I really can't believe I'm the only one swimming in outdated and misleading comments. In the off chance this helps with understanding:

It probably depends most importantly on the age of the code. The next factor would be turnover on the staff.

I do equal parts R&D and maintenance work. The R&D is new code, generally stuff that's a little off the beaten path. Many of my colleagues believe in putting in a lot of commented explanation when trying something that there isn't a library already out there for. Since the comment to code ratio is higher than normal there's just more opportunities for things to go out of sync.

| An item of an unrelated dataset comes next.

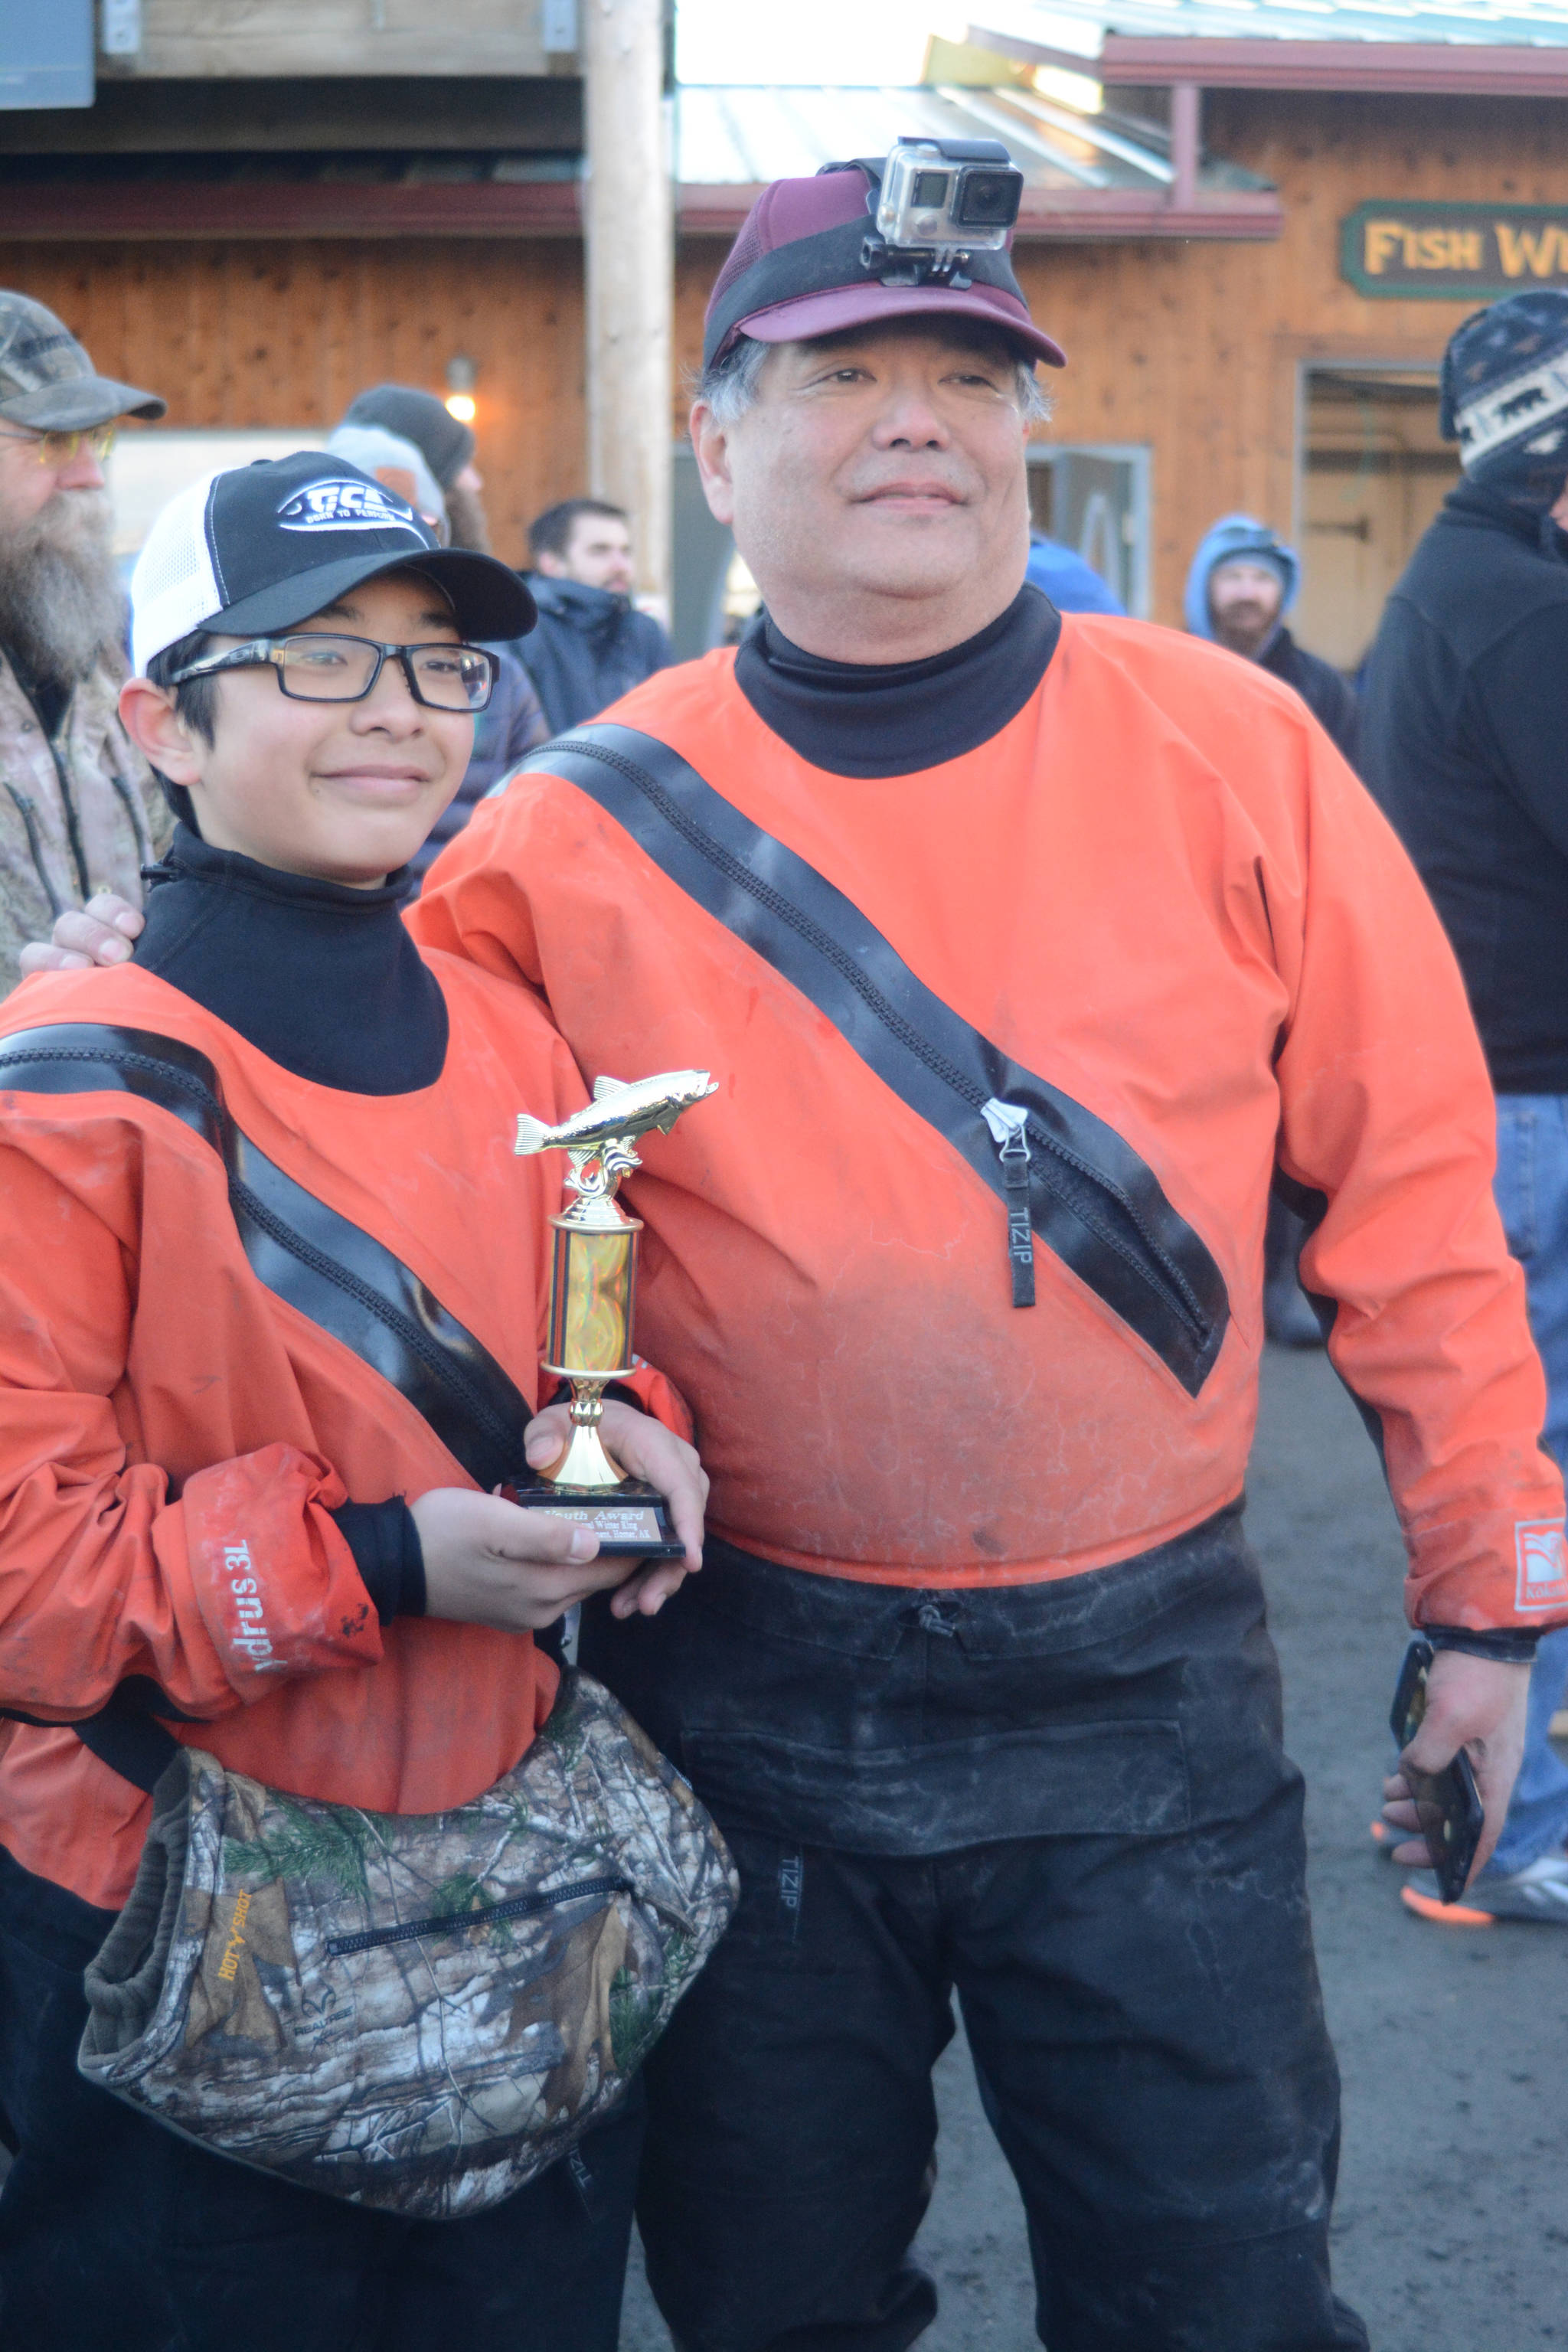 Johnson wins Winter King with 25.65-pound beauty

The maintenance code...I'm an active maintainer on a system that is over 10 years old and another that is over 5. The 10 year old code and comments are atrocious, as you'd expect. Over 10 years you get a lot of hands in the codebase and no one has any idea how the whole thing works anymore. The 5 year old code and comments are pretty good because the turnover on the team has been pretty low.

I work almost all services, even our products are highly customized to a particular customer.

Specific examples:

  • Comments describing the performance improvement for a particular methodology, like avoiding an in-memory copy. A big deal when a top end machine in a Pentium 2 with MBs of RAM, but hardly a problem now.

  • TODOs

  • Blocks of copy-pasted code including comments. Comment may have made sense in its original location, but hardly makes sense here

  • Comment blocks on top of commented out code (Who knows how many years that's been in there).

In all these you see a trend of just not maintaining the comments and code at the same level as the software. IDEs and basic developer habits don't help with this, my eye has been trained to speed past them. I think comment outdated-ness is relatively cheap to avoid in green-field and active projects. If you can keep the code/comment ratio high, it's not a big deal to keep them up to date. It's a little harder to justify hunting these things down when you're budgeted x hours for a bug fix on a production system.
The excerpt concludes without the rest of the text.